Introduction to Income Tax and NICs

Introduction to Income Tax and NICs National Insurance contributions

4.7.1 Lower Earnings Limit (LEL)

The Lower Earnings Limit (LEL) is prescribed in legislation each year and is statutorily defined as being the nearest whole pound to the weekly basic State Pension rate for a single person. The link was subsequently altered and the LEL has fallen below the basic State Pension in recent years.

Where earnings do not exceed the weekly LEL (or equivalent for other earnings periods), there is no NICs liability.

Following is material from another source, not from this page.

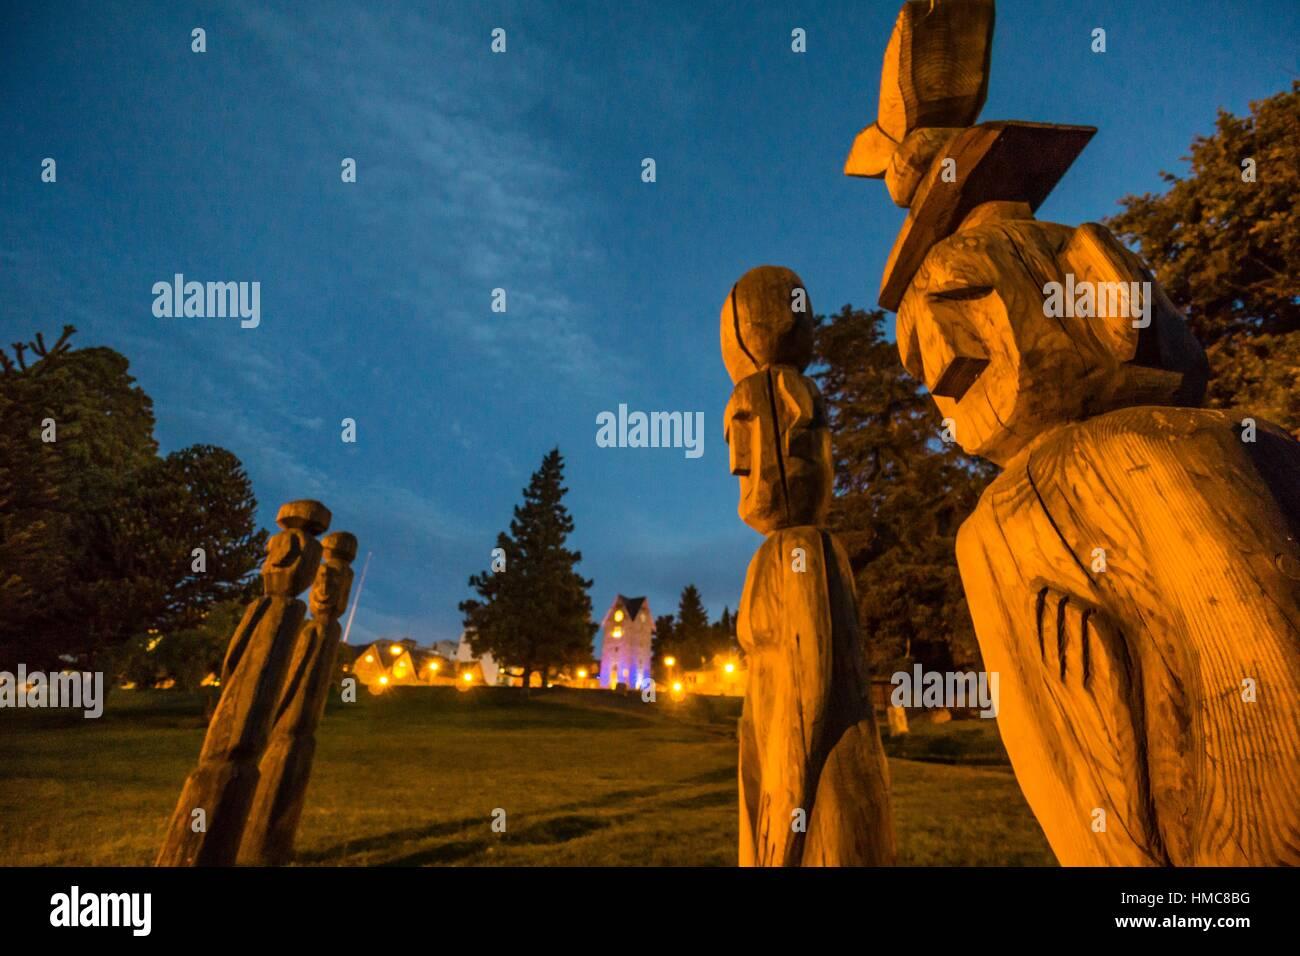 ´Chemamull´ carved wooden statues by Bernardo Oyarzún, San Carlos de Bariloche, Río Negro, Patagonia, - Stock Image

Although the LEL is set at a weekly amount, not all employees are paid weekly. The law prescribes exactly how to calculate the equivalent LEL for other earnings periods.

Purpose of LEL

No NICs are due on NICable earnings below the LEL and the contribution rate on earnings immediately above the LEL is 0%, so the LEL does not make any difference to the NICs actually due. However, it plays a key role in the NICs recording system because it is used as a basis for assessing an employee’s benefit and (ultimately) State Pension entitlements. Therefore, the payroll system must recognise and record earnings at and above the LEL in any pay period, even though no NICs may be due on them.

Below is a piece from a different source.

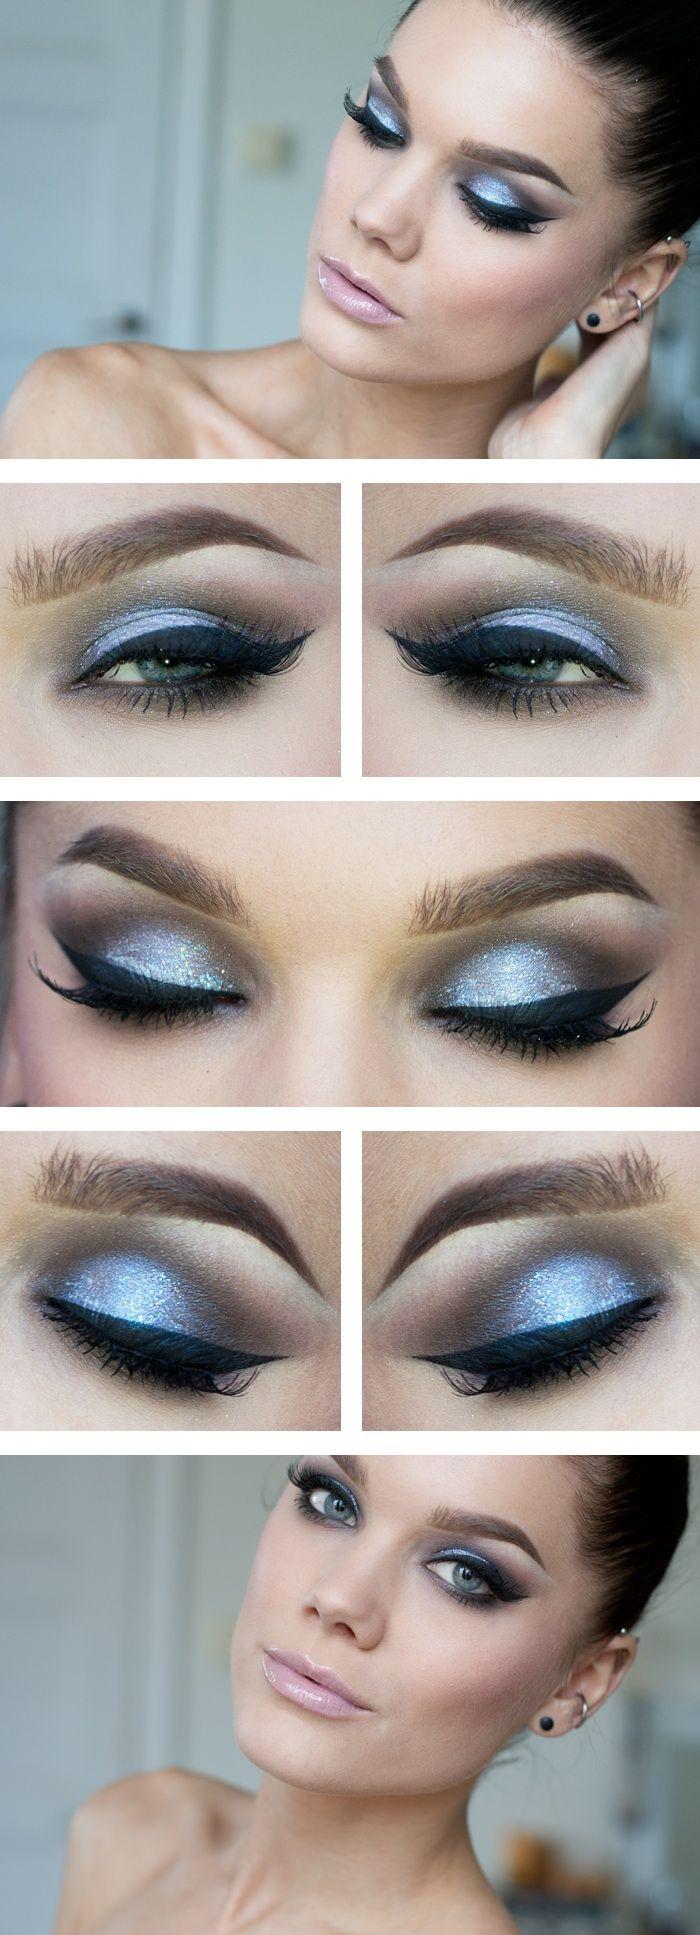 Tue.Oct.15/13, TODAYS LOOK - TIME TO LIVE TIME TO LOVE.  I've used ... EYES: NYX HD eyeshadow base, NARS At first sight eye & cheek palette, BellaPierre ögonskugga i färgen Exite, Viva la diva crystal eyeliner 23 Diamond, MUS Cake eyeliner black, Isadora Wig Wham mascara, Dr Hauschka Kajal eyeliner 06, Eldora false eyelashes H152.  LIPS: MAC Mineralize rich Luxe naturale, MUS Lipgloss wand daisy.  CHEEKS: NARS blush Orgasm, MUS Wonder powder Sinai

4.7.2 Primary Threshold (PT)

Before the 2011-12 tax year, NICs were payable by both the employee and the employer when earnings exceeded the Earnings Threshold (ET). This threshold was split into the Primary Threshold (PT) and the Secondary Threshold (ST) so that the levels at which employee NICs and employer NICs become payable can differ. For some tax years, the level of the PT was higher than the ST and for some tax years they were aligned. From tax year 2020-21, PT has been higher than ST. Unusually, the Government increased PT during the 2022-23 tax year, aligning it with the income tax Personal Allowance from 6 July 2022. The rate remains the same for 2023-24. The Primary Threshold (PT) falls between the Lower Earnings Limit (LEL) and the Upper Earnings Limit. The level is set each year as an annual amount and the weekly and monthly equivalents are proportions of the annual amount.

When earnings in any pay period exceed the appropriate PT, employee (primary) NICs are calculated on the excess.

Note that currently NICs are not actually payable on that part of the earnings falling between the LEL and the PT because the percentage rate applicable to the earnings is 0%.